Together AI Pricing 2026
Complete pricing guide with plans, and cost analysis
Together AI pricing ranges from $0.10 to $9.95/per million tokens / hour.
Together AI costs $0.10 to $9.95 per per million tokens / hour as of April 2026, with 4 plans available. Pricing depends on your chosen tier, contract length, and negotiated discounts.
Use the interactive pricing calculator to estimate your exact cost based on team size and requirements.
- Free tier: No free tier available
Together AI offers 4 pricing tiers: Serverless, Dedicated (1x H100), Dedicated (1x B200), Enterprise. The Dedicated (1x H100) plan is consistent high-volume inference.
Compared to other llm api providers software, Together AI is positioned at the budget-friendly price point.
How much does Together AI cost?
Together AI Pricing Overview
Together AI has 4 pricing plans ranging from $0.10 to $9.95/per million tokens / hour. The Serverless plan requires contacting sales for a custom quote and is designed for variable-volume api usage. The Dedicated (1x H100) plan requires contacting sales for a custom quote and is designed for consistent high-volume inference. The Dedicated (1x B200) plan requires contacting sales for a custom quote and is designed for high-performance dedicated inference. The Enterprise plan requires contacting sales for a custom quote and is designed for large-scale enterprise deployments.
This pricing was last verified in April 1, 2026.

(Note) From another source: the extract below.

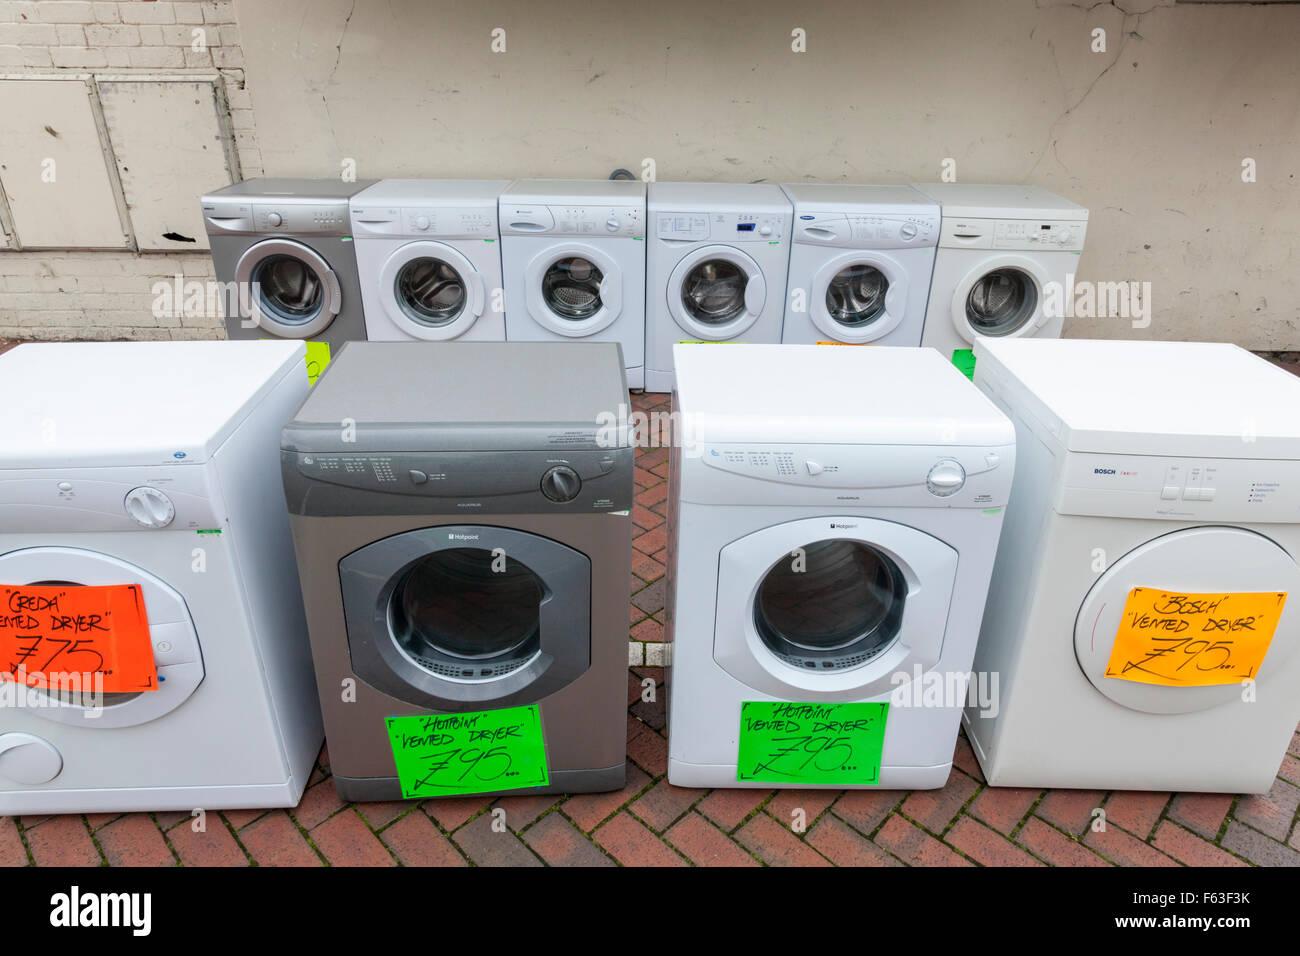 Gebrauchte zentrum waschmaschinen und bisher verwendeten
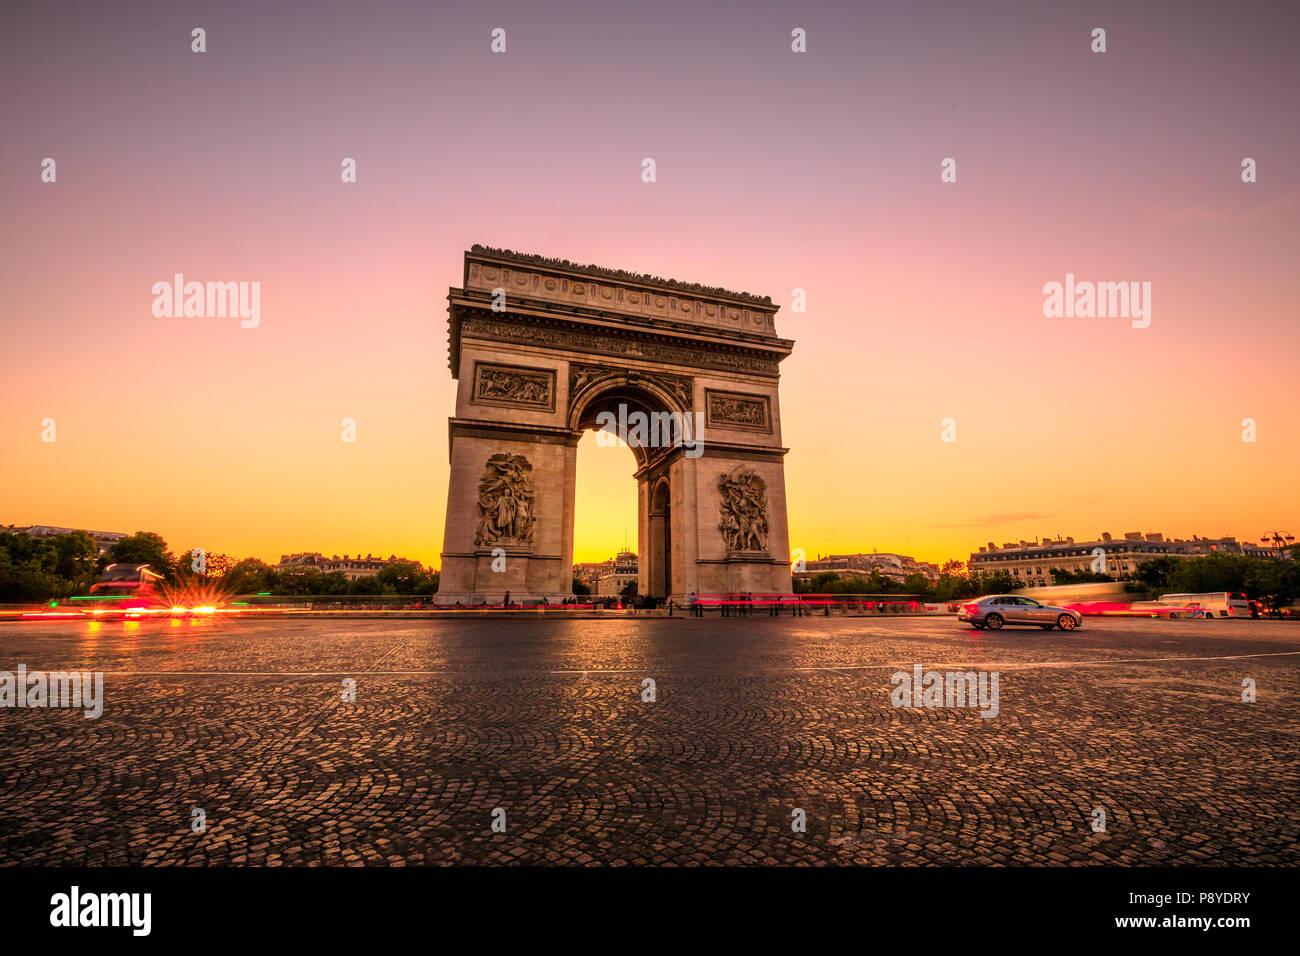 Arco de triunfo en la penumbra. Arco de Triunfo al final de los Campos Elíseos, en la plaza Charles de Gaulle con coches y senderos de luces. Hito popular y atractivo turístico en París, capital de Francia. Imagen De Stock

All Together AI Plans & Pricing
| Plan | Monthly | Annual | Best For |
|---|---|---|---|
| Serverless | Contact Sales | Contact Sales | Variable-volume API usage |
| Dedicated (1x H100) | Contact Sales | Contact Sales | Consistent high-volume inference |
| Dedicated (1x B200) | Contact Sales | Contact Sales | High-performance dedicated inference |
| Enterprise | Contact Sales | Contact Sales | Large-scale enterprise deployments |
View all features by plan
Serverless
- Pay-as-you-go per-token pricing
- Budget models from $0.10/M tokens
- Mid-range models from $0.50/M tokens
- Large models from $3.00/M tokens
- Batch API with 40-50% discount
- Image generation from $0.0006/image
- Embeddings at $0.02/M tokens
Dedicated (1x H100)
- Single-tenant GPU deployment
- 1x H100 at $3.99/hr
- Custom model hosting
- Dedicated resources
Dedicated (1x B200)
- Single-tenant GPU deployment
- 1x B200 at $9.95/hr
- Latest generation hardware
- Dedicated resources
Enterprise
- Volume discounts
- Dedicated support
- Custom SLAs
- Private deployments
How Together AI Pricing Compares
| Software | Starting Price | Top Price |
|---|---|---|
| Together AI | $0.1/per million tokens / hour | $9.95/per million tokens / hour |
| Groq | Free | $0.79/per million tokens |
| Fireworks AI | Free | $9/per million tokens / hour |
Detailed pricing comparisons:
Together AI Pricing FAQ
01 How much does Together AI cost?
Together AI offers serverless inference starting at $0.10 per million tokens for small models. Mid-range models cost $0.50–1.00/M tokens, and large models like DeepSeek-R1 cost $3.00/M tokens. Dedicated GPU deployments start at $3.99/hr (1x H100) or $9.95/hr (1x B200). Batch processing saves 40–50%.
02 Does Together AI have a free tier?
Together AI does not advertise a permanent free tier or free credits on their pricing page. They offer pay-as-you-go Serverless pricing with no minimum commitment, so you only pay for what you use.
03 What models does Together AI support?
Together AI supports a wide range of open-source models including Llama, DeepSeek, Qwen, Mistral, and Kimi. They also offer image generation (FLUX, Stable Diffusion), video (Google Veo 2.0), audio transcription, text-to-speech, and embedding models.
04 Together AI vs Fireworks AI: which is cheaper?
Both offer similar serverless per-token pricing starting around $0.10/M tokens for small models. Fireworks AI gives new users $1 in free credits. For dedicated GPU hosting, Together AI's H100 is $3.99/hr versus Fireworks AI's A100 at $2.90/hr, making Fireworks slightly cheaper for dedicated compute at equivalent GPU tiers.
05 What is Together AI's Dedicated GPU pricing?
Together AI's Dedicated GPU hosting starts at $3.99/hr for a 1x H100 (single-tenant) and $9.95/hr for a 1x B200 (latest generation). Dedicated deployments are best for consistent high-volume inference where you need guaranteed resources and custom model hosting.
Is this pricing incorrect? — we verify and update within 24 hours.